RECORDED DATA START

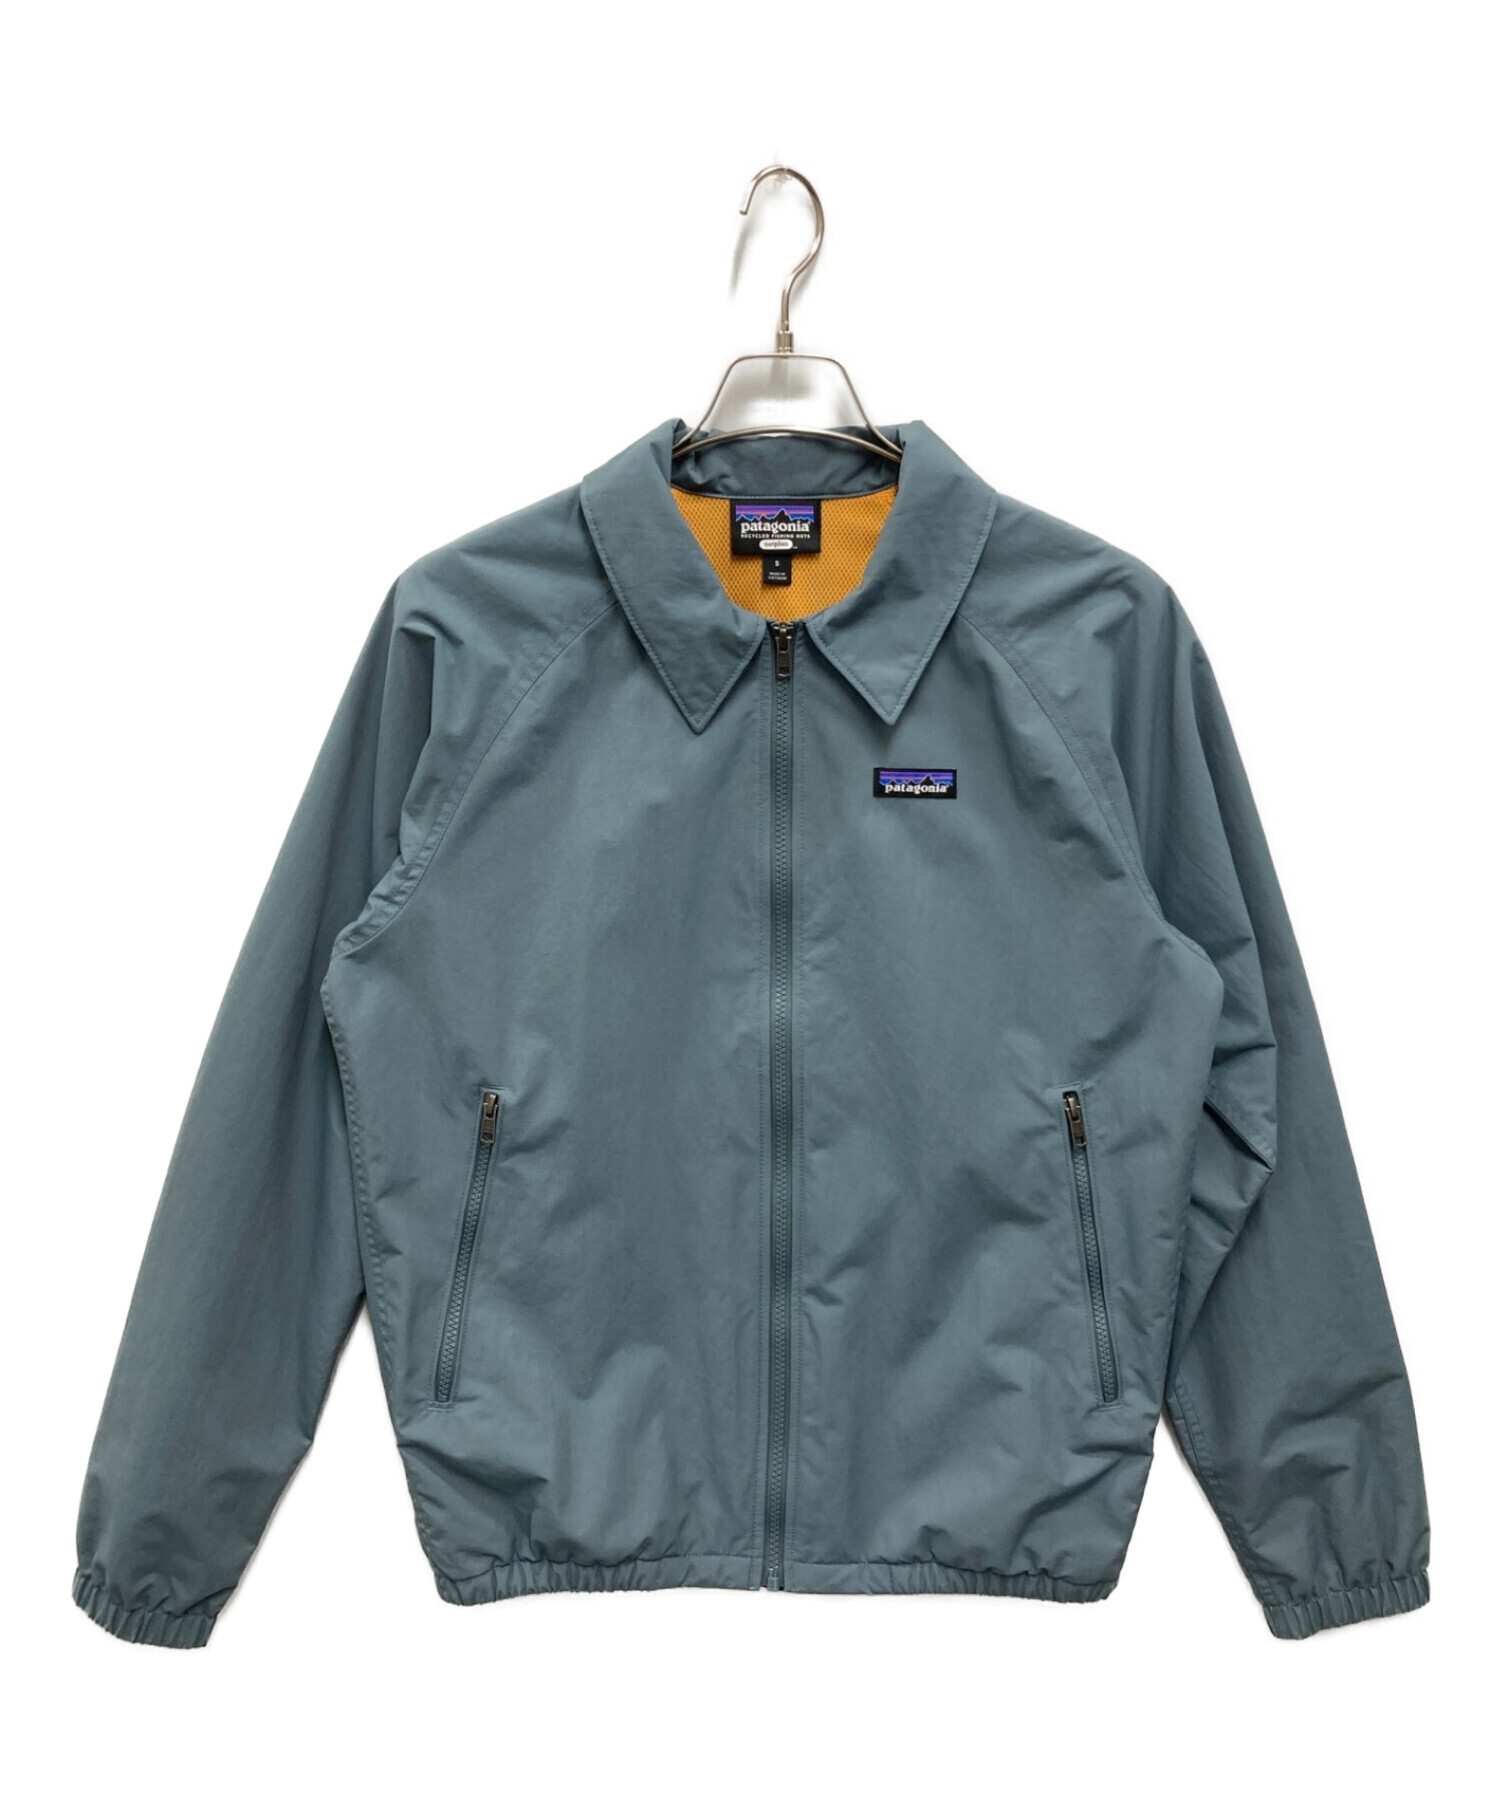 Patagonia (パタゴニア) バギーズジャケット グレー サイズ:S
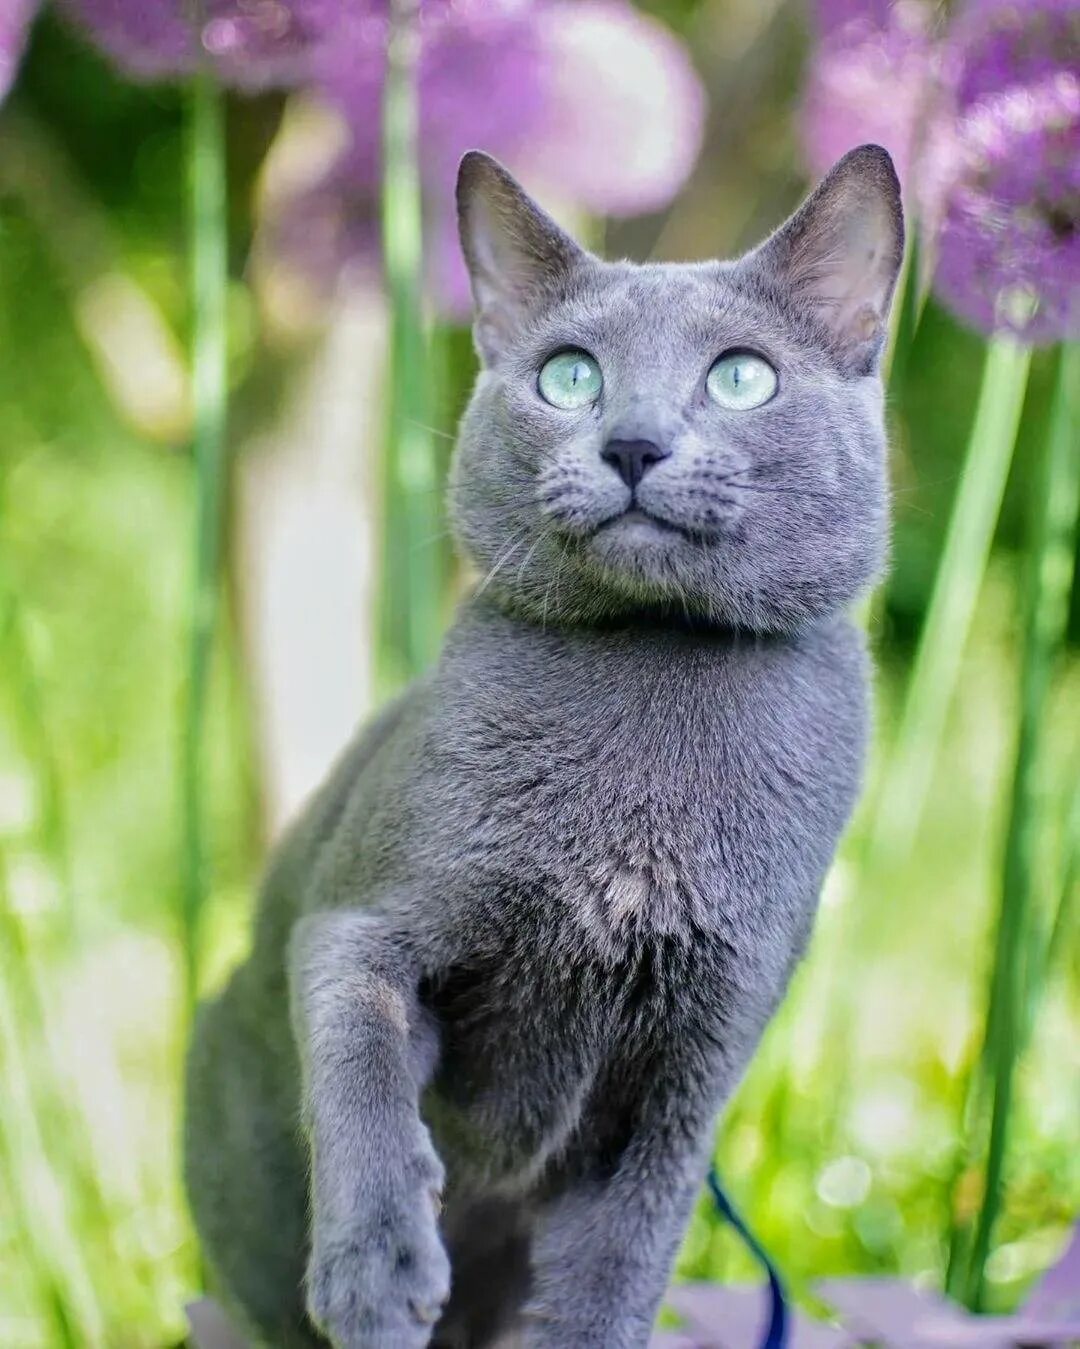 Сибирский голубая кошка короткошерстная. Картезианская кошка голубая. Кошка Сибирская голубая гладкошерстная. Среднерусская голубая кошка.
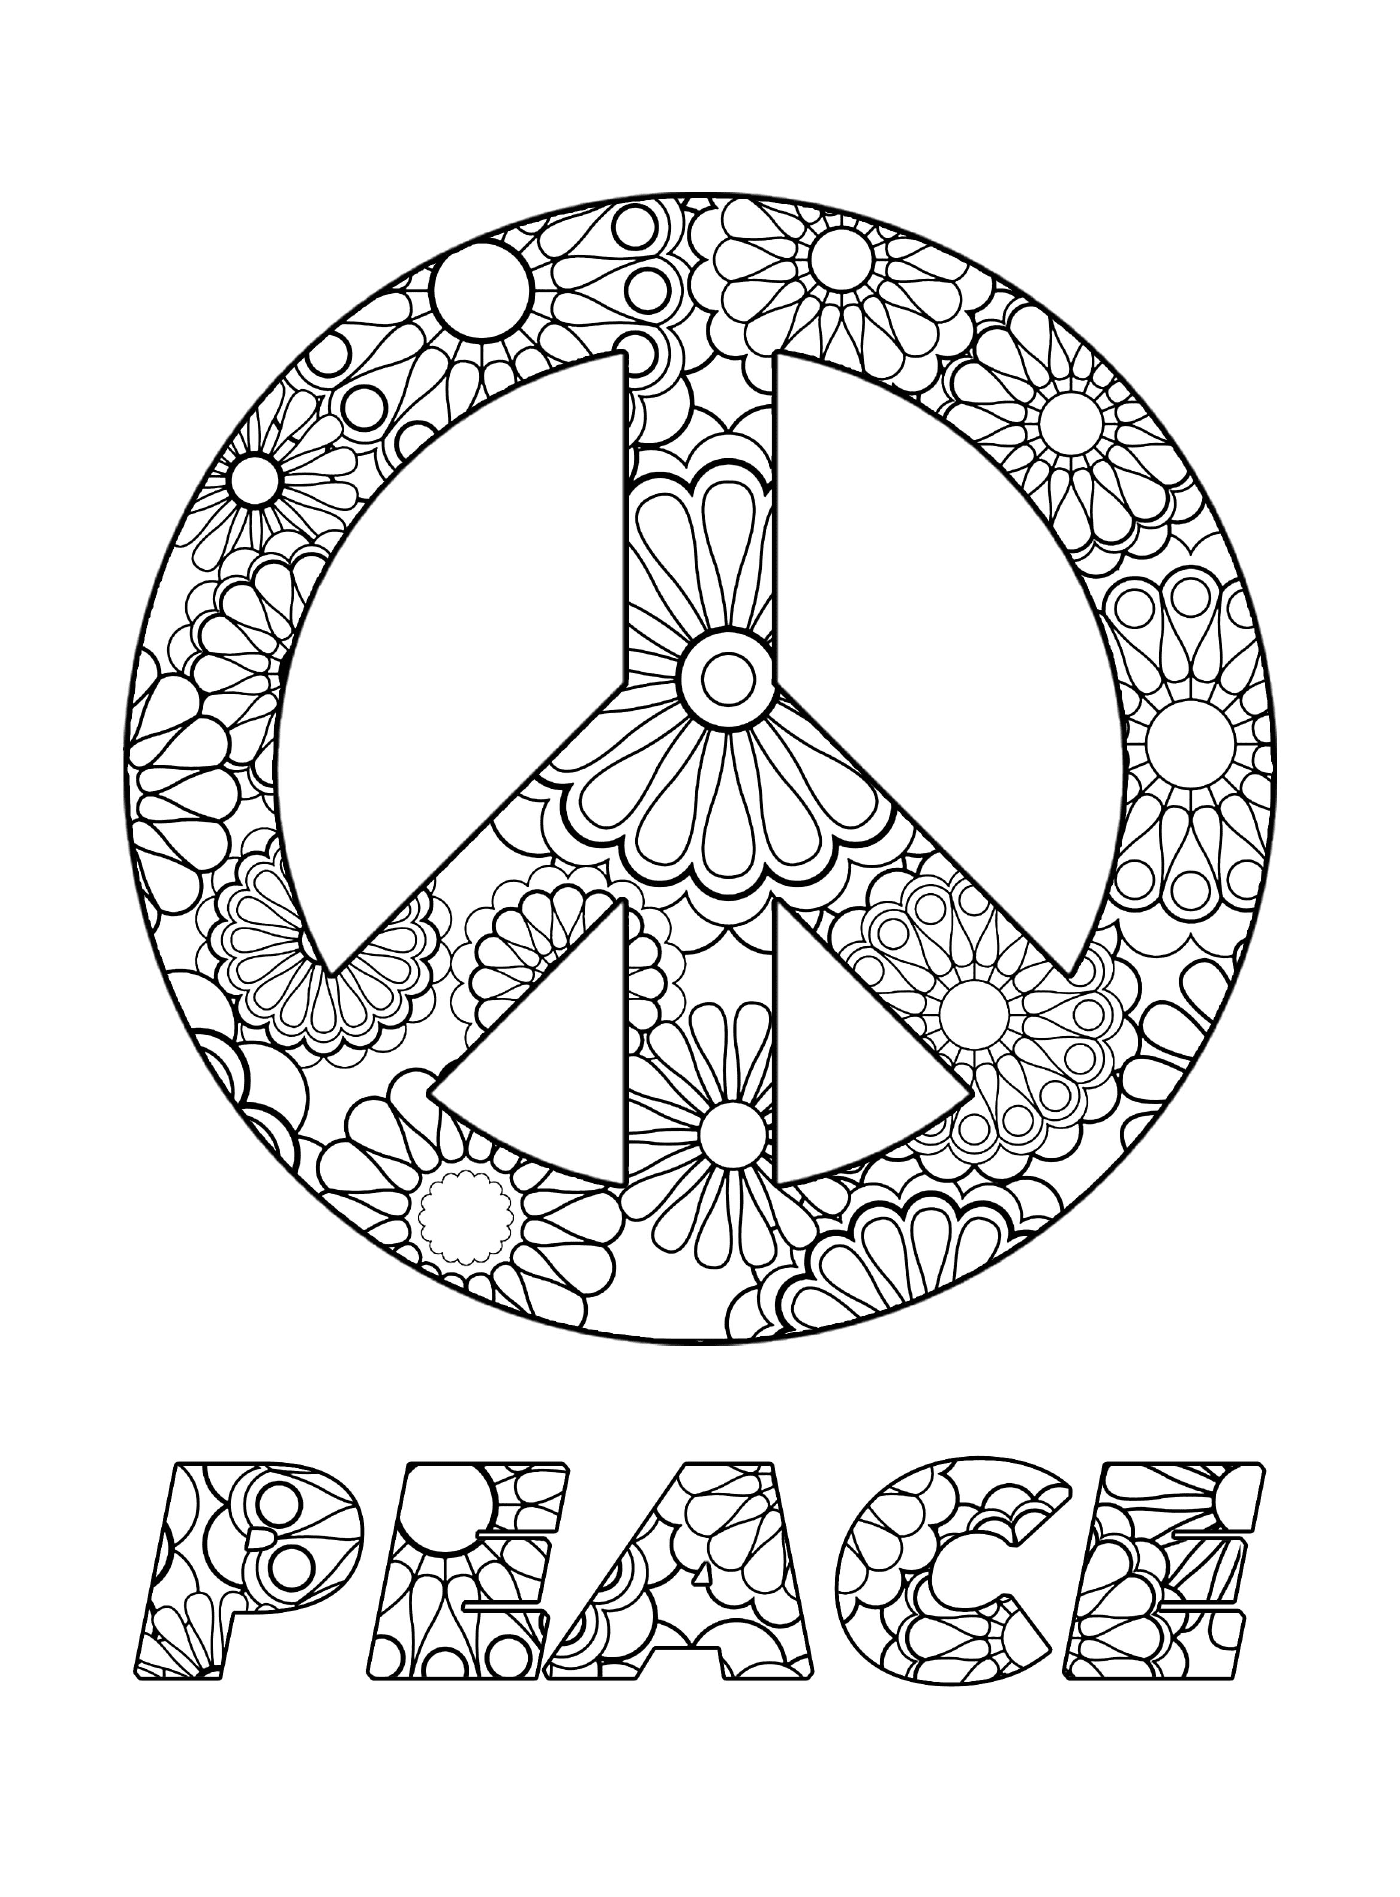  Símbolo da paz com flores

RECORDED DATA END

— YOUR GOAL —
Find the line that has "Сибирский голубая кошка" in the listing, then retype it and each later line up to the last, exactly. Leave pictures out.

— RESPONSE AREA —
 Сибирский голубая кошка короткошерстная. Картезианская кошка голубая. Кошка Сибирская голубая гладкошерстная. Среднерусская голубая кошка.
  Símbolo da paz com flores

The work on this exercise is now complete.